Clement Courbet via Phabricator via cfe-commits Thu, 29 Jun 2023 23:57:03 -0700

courbet added inline comments.


================
Comment at: clang/include/clang/Basic/DiagnosticGroups.td:1046
 def ThreadSafetyPrecise    : DiagGroup<"thread-safety-precise">;
 def ThreadSafetyReference  : DiagGroup<"thread-safety-reference">;
+def ThreadSafetyReturn     : DiagGroup<"thread-safety-return">;
----------------
aaronpuchert wrote:
> courbet wrote:
> > aaronpuchert wrote:
> > > courbet wrote:
> > > > aaronpuchert wrote:
> > > > > Why not under `-Wthread-safety-reference`, as it's 
> > > > > return-by-reference that you're warning on? This seems too small for 
> > > > > a separate flag to me.
> > > > The main reason it so that we provide a soft transition period for 
> > > > users: If we put that in `-Wthread-safety-reference`, we'll start 
> > > > breaking compile for people who use `-Werror`, while a separate flag 
> > > > allows a transition period where people opt into the new feature.

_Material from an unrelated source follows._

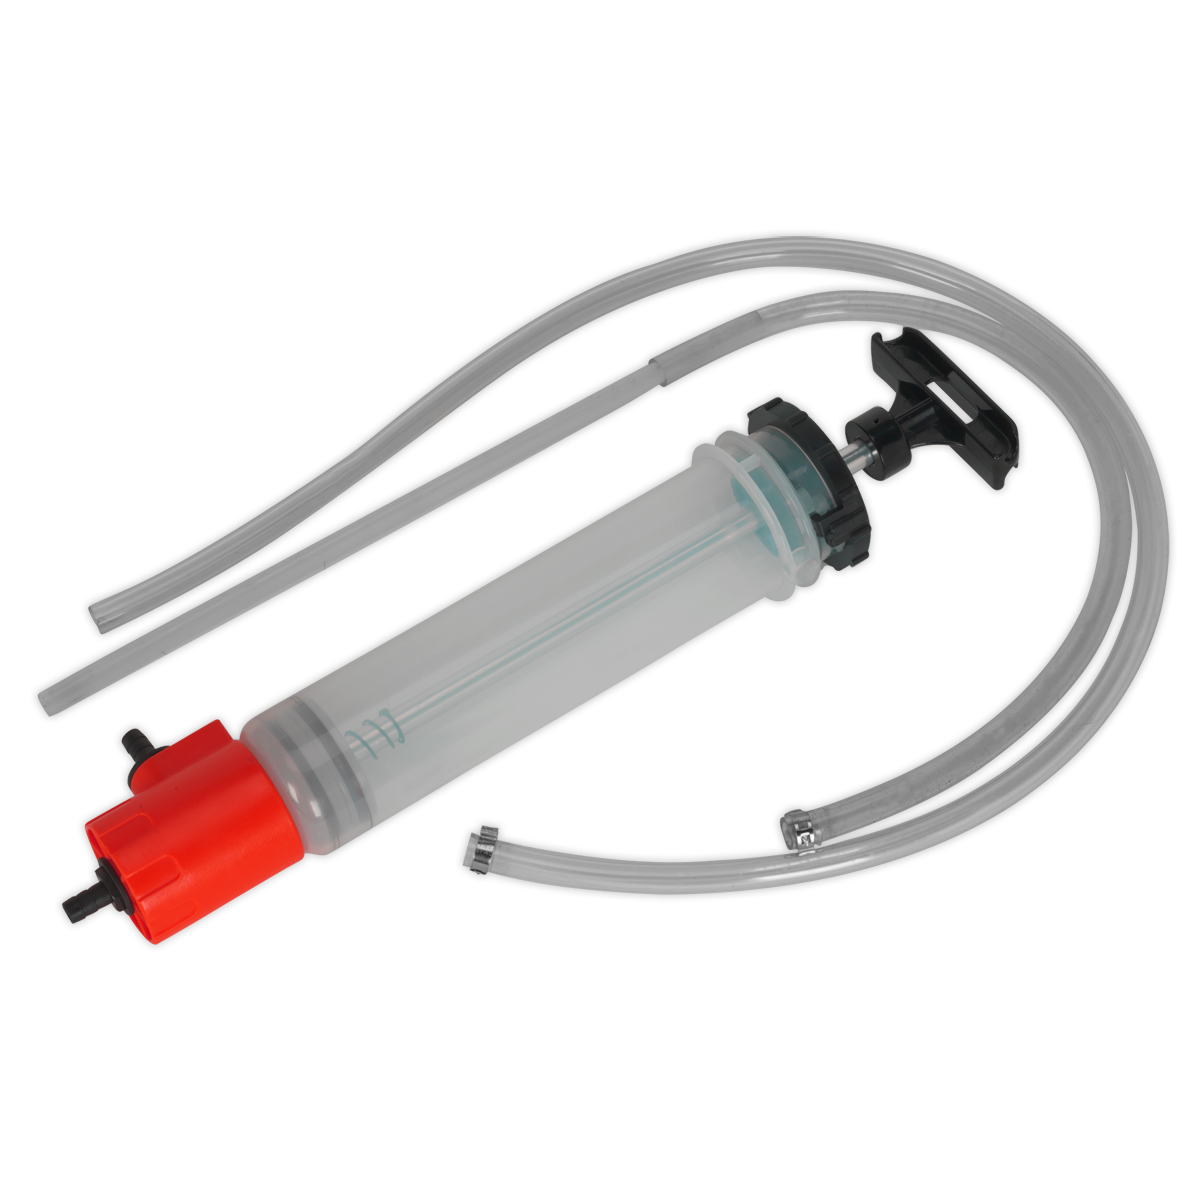 Fluid Transfer/Inspection Syringe 550ml

> > > Transition flags can end up resulting in more churn, assuming that we 
> > > eventually want to put this under `-Wthread-safety-reference`, because 
> > > then you have two categories of users:
> > > * those that opted in will eventually have to remove the flag again, and
> > > * those that didn't will get hard errors on updating the compiler at that 
> > > point.
> > > Of course you might argue that the latter case can be prevented by 
> > > carefully reading the release notes, but we know how often that happens.
> > > 
> > > I'd argue that if you're using `-Wthread-safety-reference`, you're 
> > > already opting into warnings on escaping references, and not warning on 
> > > `return` is a false negative.
> > > 
> > > A separate flag would make sense to me if we want to keep it, for example 
> > > because this produces a substantial amount of false positives under some 
> > > circumstances. Did you try this on a larger code base that's using the 
> > > annotations? I could try it on our code, and maybe we can get some 
> > > Googler to test it on theirs, which is also heavily using Thread Safety 
> > > Analysis. (Though I'm not sure whether they use 
> > > `-Wthread-safety-reference`.)
> > I don't have a strong opinion for where the warning should go.  We are 
> > indeed using `-Wthread-safety-reference`, though we're not enabling -Werror 
> > on these, so adding more warnings is fine for us.
> > 
> > I've run the check on a small sample of our codebase (which I don;t claim 
> > to be representative, I can do a larger analysis if needed). The warnings 
> > are more or less evenly split between missing annotations and actual bugs. 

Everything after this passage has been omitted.